We use the X32 mixer, run audio through Logic Pro.
One possibility is that Logic Pro is a free trial, and that's how they motivate you to buy the non-trial version.
Since you already have a capable digital mixer (X32), I'd recommend dropping the DAW entirely (Logic). Do ALL of your audio work in the X32, so that OBS can be fed directly from it as a dumb, straight-wire passthrough.
- No filters at all in OBS.
- OBS's fader all the way up. (0dB, 100%)

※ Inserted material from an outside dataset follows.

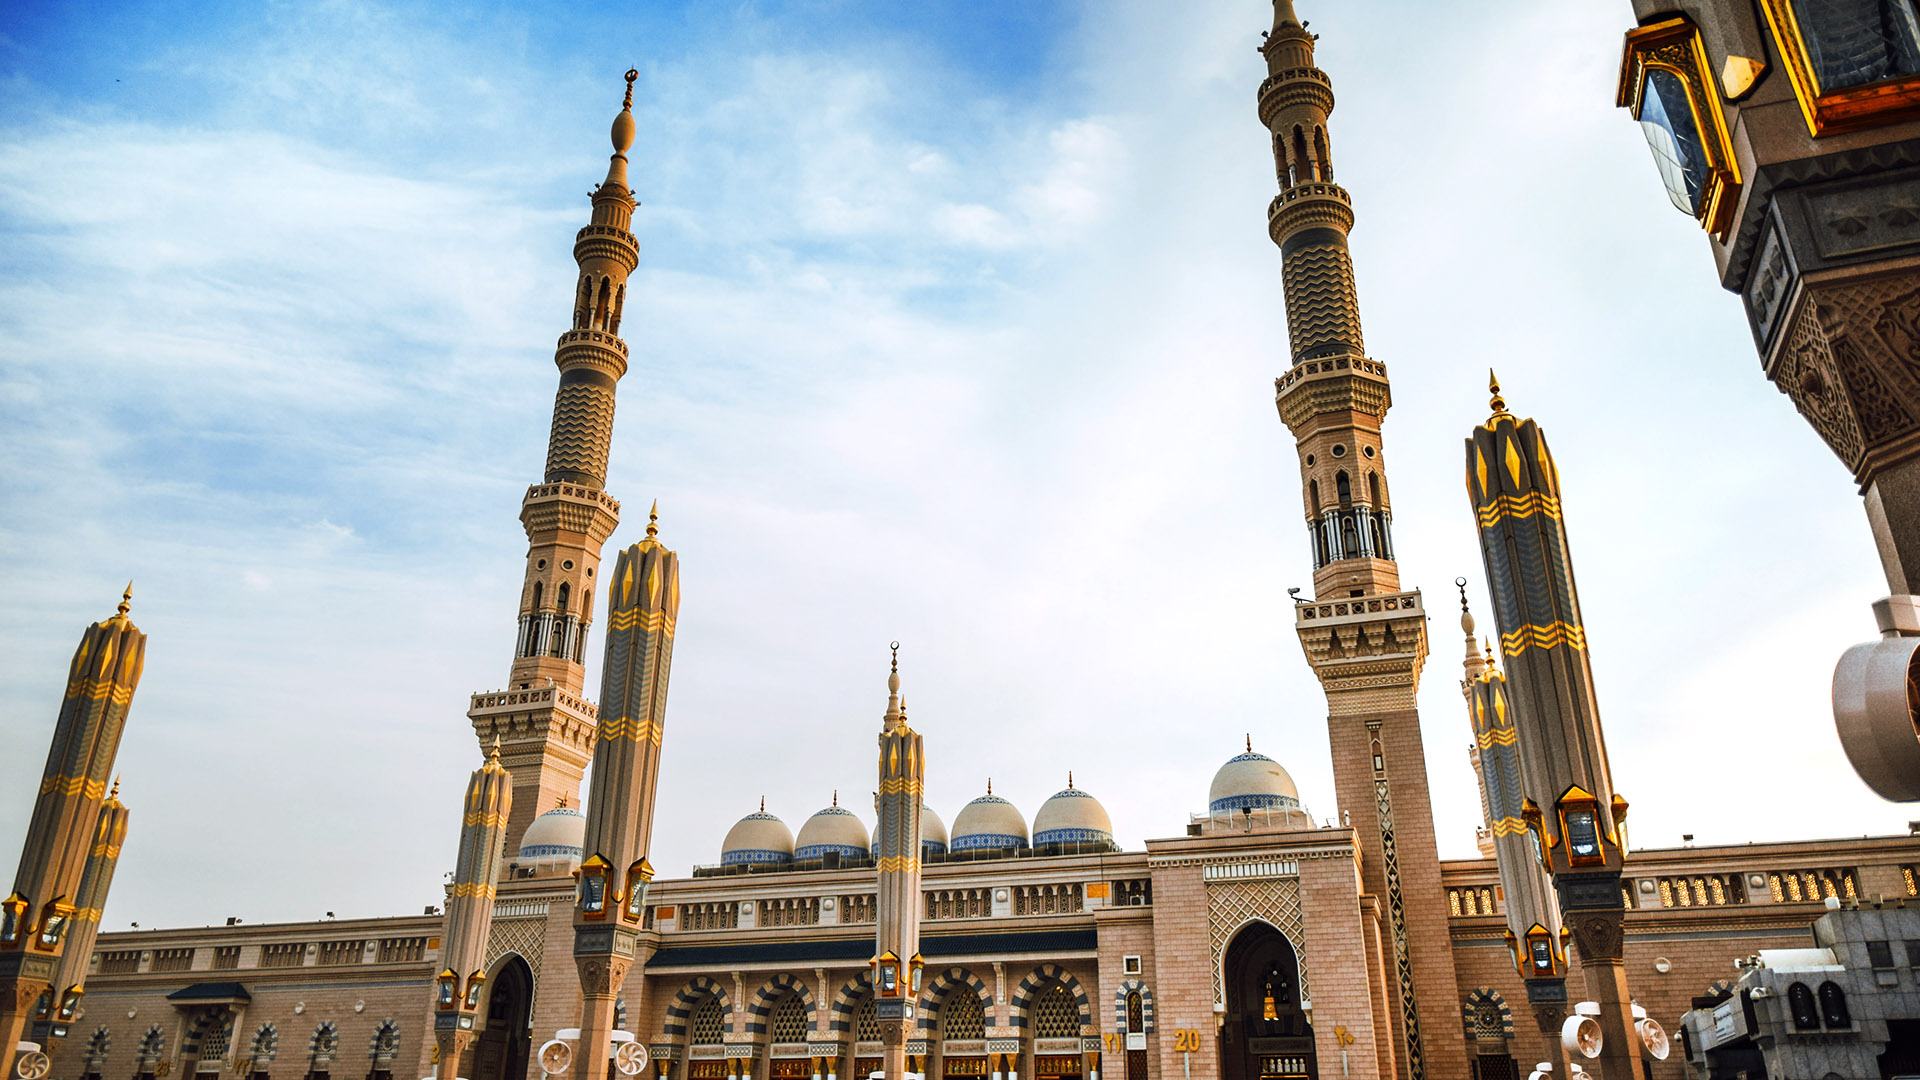 The most famous mosques in Makkah

- Only one audio source at all, and that's in Settings -> Audio. Only one not Disabled there, and no audio sources at all in the scenes.
---
Then we have the fun task of setting up a broadcast mastering chain in the X32! The idea there is to take a live mix that sits around -20dBFS or so, just to allow that much headroom for unexpected peaks, and bring it up close to 0dBFS as OBS sees it without *ever* going over that. Not even a momentary peak like a P-pop or even just normal emphasis.
I have several stages of compression on mine, involving the channel compressors to make each thing better behaved by itself, a vintage LA-2A emulation on the entire mix ("Leisure Compressor" in the X/M32 and X/M-Air), and a final channel/bus compressor just as it leaves the board, set to be a limiter. The level controls after that limiter are set mathematically to exactly fill OBS's meter, and never moved. OBS often warns me that it's clipping, but it's actually not. I'm just using the top few values legitimately.
You would NOT do all of that on the main PA! Keep that one "live". You need a separate mix for each, so you can treat them differently. Different mix, different processing, etc. The main PA is *not* what it sounds like in the room; it's missing what spills off the stage by itself, and it's subconsciously corrected for what the room itself does. Not so good to stream that.